HOUSING – To put it bluntly, the California Apartment Association is a merchant of death. The blood of all the people who live on California’s streets and die prematurely is on its hands – and the hands of the MAGA corporate landlords that give the CAA its funding and marching orders.
The CAA, also known as the California “Anti-Tenant” Association, has done more to impoverish Californians than any other organization. It has enormous power: through millions in campaign contributions, they own state and local politicians all over California.
Housing Is A Human Right, the housing advocacy division of AIDS Healthcare Foundation, found that the CAA distributed real estate campaign cash to state and local elected officials in 51 out of California’s 58 counties. It’s no wonder that renter protections face certain premature death in the State Capitol and City Halls every year.
The CAA is actually the front group for many of the largest corporate landlords in the country, which you can see by looking at their board of directors and donor lists. Billionaire landlords, who hide behind struggling “mom and pop” owners, call the shots at the CAA. These same oligarchs give boatloads of money to MAGA causes.
Sares-Regis Group Co-Founder John Hagestad contributed $40,000 to Trump Victory between 2016 and 2020, according to federal campaign filings. Sares-Regis President Jeff Bailey sits on the CAA’s board of directors.
Irvine Company Chairman Donald Bren delivered $25,000 to Trump Victory in 2016. Irvine Company executive Michelle Grande sits on the CAA’s board.
Fuller Enterprises President Doug Smith shelled out $2,800 to Trump Victory in 2020. He sits on the CAA’s board.
Conservice Utility Management and Billing Co-Owner Marc Treitler contributed $54,150 to Trump Victory between 2019 and 2020. You guessed it. Treitler sits on the CAA’s board.
Sares-Regis and Fuller Enterprises have also contributed $297,000 and $100,000, respectively, to the California Apartment Association Issues Committee, which is funding Californians for Responsible Housing sponsored by the CAA. That committee is gearing up to stop the Yes on 33 Act, the November ballot measure that will expand rent control in California.
That’s not the end of the MAGA connection to the CAA.
R&V Management CEO Gerry Ranglas delivered $18,854 to multiple Trump committees between 2016 and 2023. R&V also contributed $1,315,700 to the California Apartment Association Issues Committee.
And Lyon Living CEO Frank Suryan Jr. shelled out $125,000 to Trump Victory between 2016 and 2020. Suryan Jr. contributed $89,100 to the California Apartment Association Issues Committee.
They all want to protect their ability to charge outrageous, unfair rents, making billions off the backs of hard-working Californians.

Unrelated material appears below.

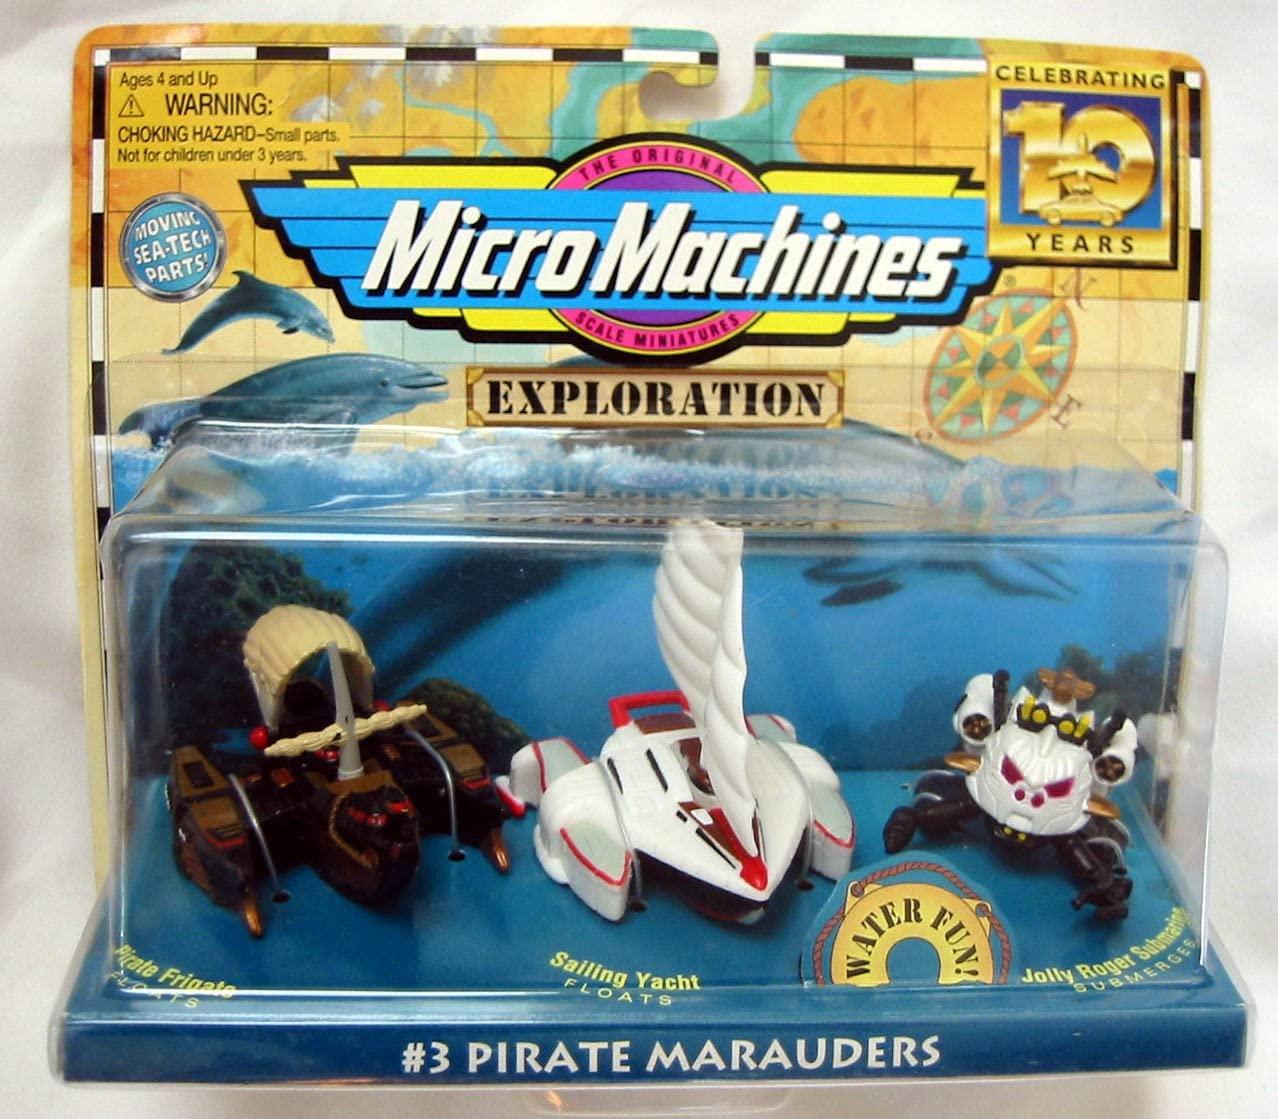 Micro Machines Exploration Pirate Marauders #3
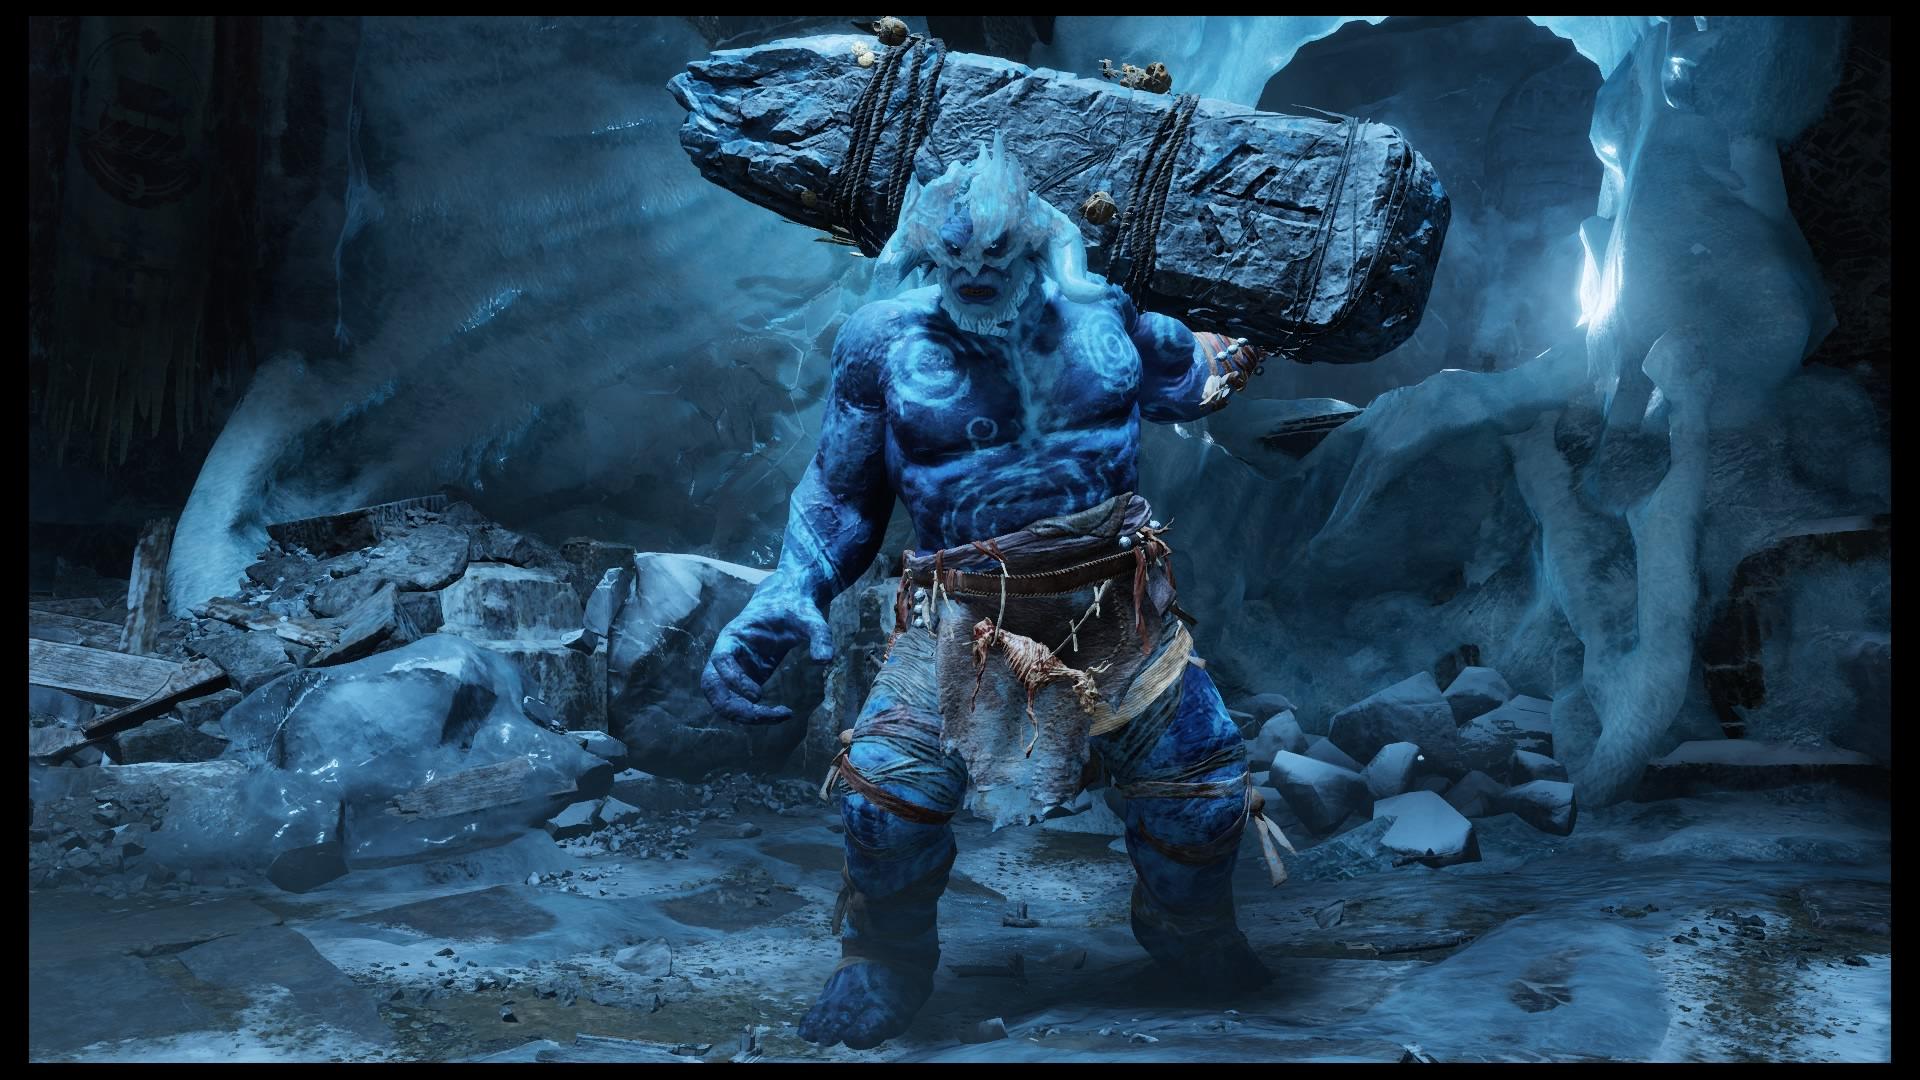 Stonebeard King

And don’t be fooled by the CAA and corporate landlords’ lies when they try to kill the Yes on 33 Act. They don’t care about solving the housing affordability and homelessness crises — by charging sky-high rents, they’ve fueled our humanitarian emergency.
A recent UC San Francisco study found that skyrocketing rents are pushing people into homelessness, with more and more unhoused Californians dying on the streets every year.
It all started, years ago, when a little-known law, called Costa-Hawkins, was passed by a single vote in 1995 and then froze rent control in the state. Leading the charge was the California Anti-Tenant Association. Our runaway rents are the legacy of Costa-Hawkins.
Now we have to go back to the future to undo the damage, and a broad coalition of housing justice groups, social justice organizations, and labor unions is working to pass the Yes on 33 Act in November.
Californians will vote YES for rent control in 2024, striking a blow for justice for renters. Because the rent is too damn high.
(Patrick Range McDonald is the award-winning advocacy journalist for Housing Is A Human Right and a regular contributor to CityWatchLA.com.)